How can consent be informed when the "patient" is a fetus? Is it appropriate to begin clinical trials involving prenatal gene therapy when the potential risks to the mother, the fetus, and the child's possible offspring are not fully understood? And how would such trials be designed?
These and other ethical questions are being deliberated as a result of the recent proposal to the National Institutes of Health Recombinant DNA Advisory Committee to begin human trials of in utero gene transfer (See News, Oct. 21, 1998.)
For now, working groups at the third NIH Gene Therapy Policy Conference on "Prenatal Gene Transfer: Scientific, Medical and Ethical Issues" have concluded that there is insufficient preclinical data to support starting phase I clinical trials. But they made it clear that as the science presses forward, researchers and the public must be prepared to grapple with the gamut of ethical, legal, societal, scientific, and medical issues.
" Minimal" Risks
A key issue is how to define during the informed consent process the potential risks and benefits to fetuses. NIH guidelines and regulations on research involving human subjects call for "minimal" risks to the fetus.
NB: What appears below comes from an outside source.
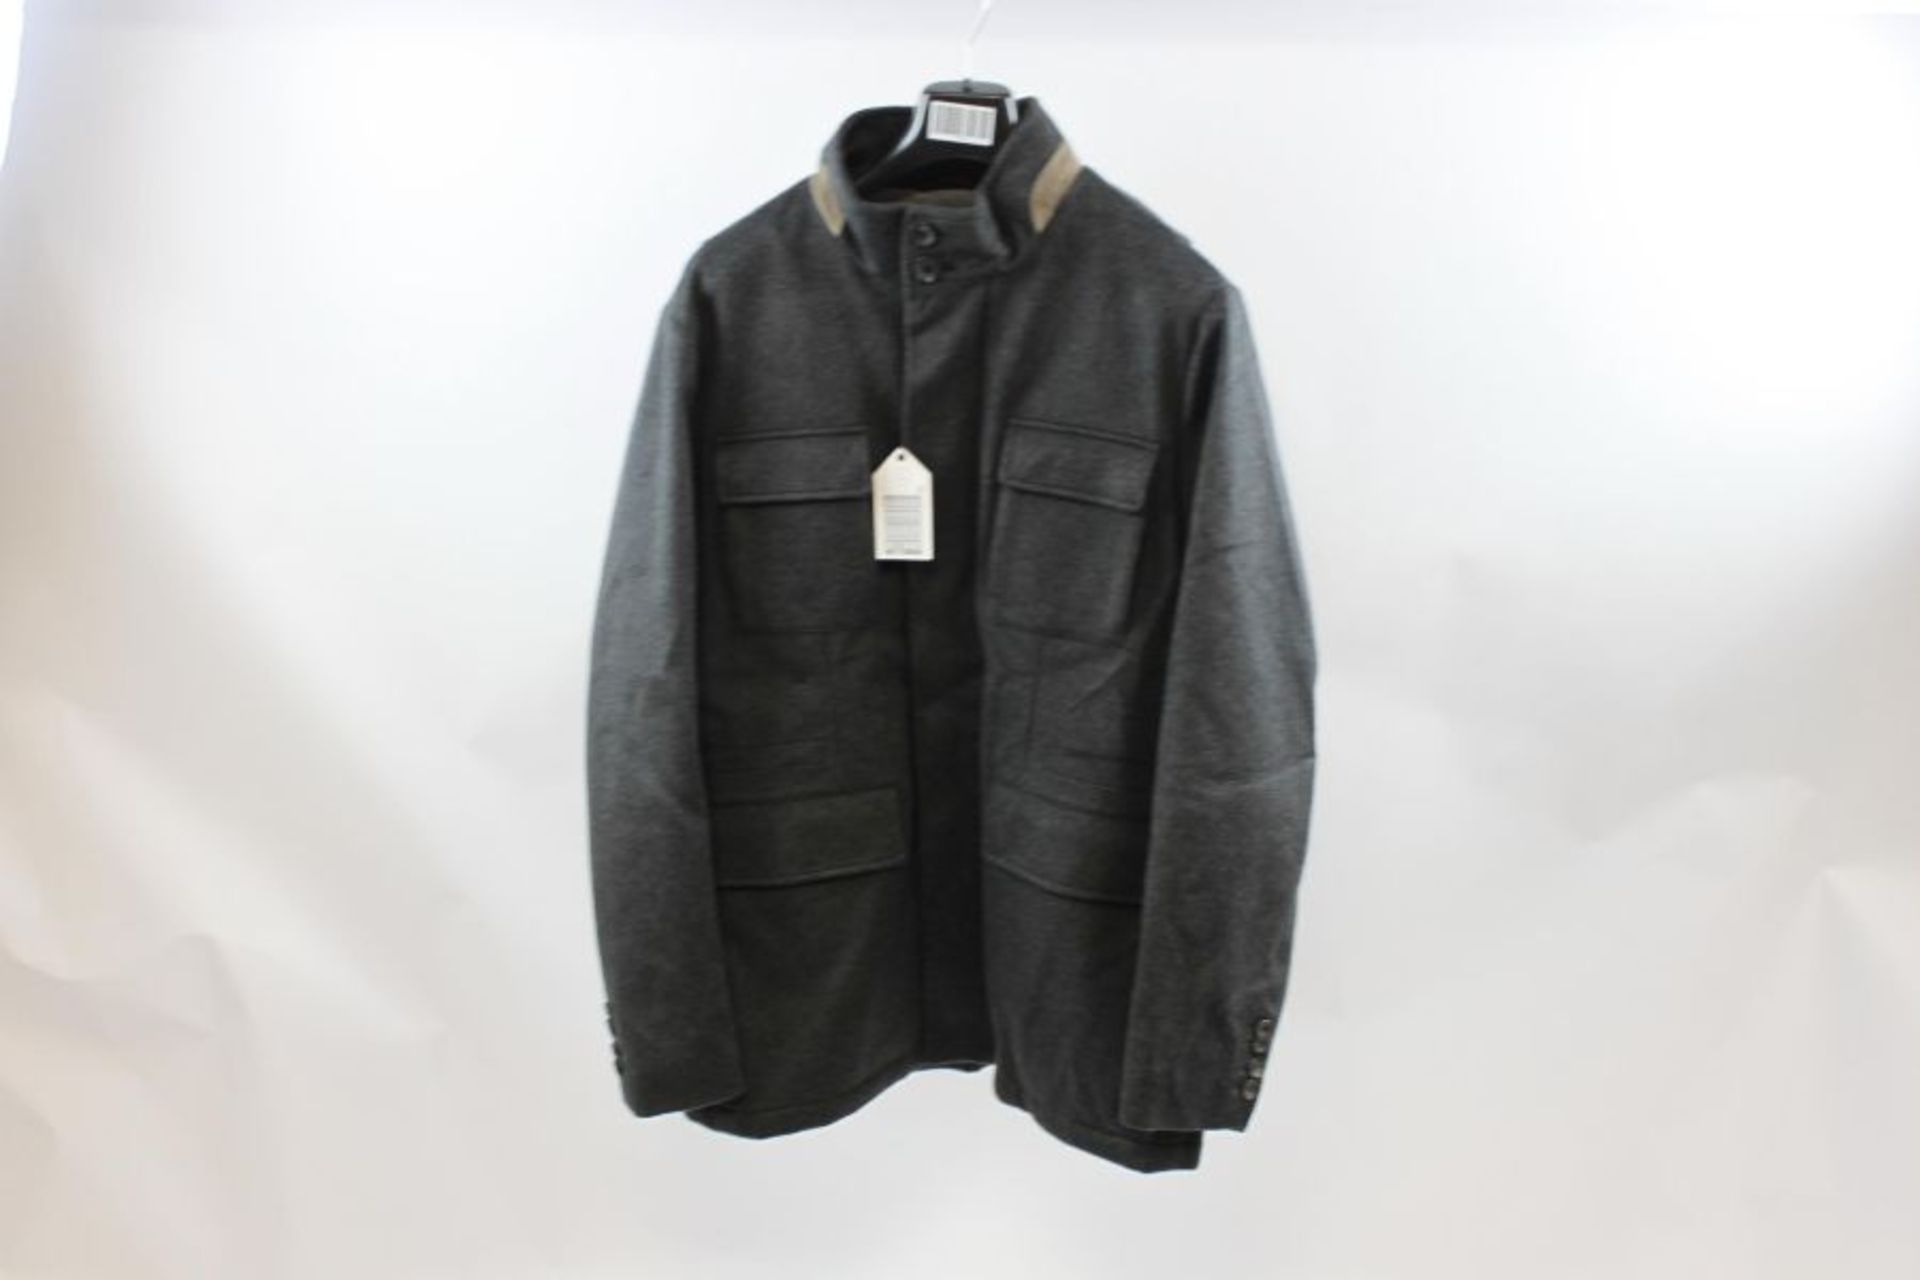 Hackett No 14 Men's Cashmere Field Jacket, Charcoal, Size XXL - Image 3 of 3

Consensus is needed on what is considered "minimal," said RAC member Louise Markert, M.D., Ph.D., Duke University Medical Center, Durham, N.C. In defining an acceptable level of risk, researchers should consider that people can attribute to the fetus at least four different levels of moral status: none, one of increased standing as gestation lengthens, moral standing from the point when the fetus becomes a patient, and full moral standing from conception.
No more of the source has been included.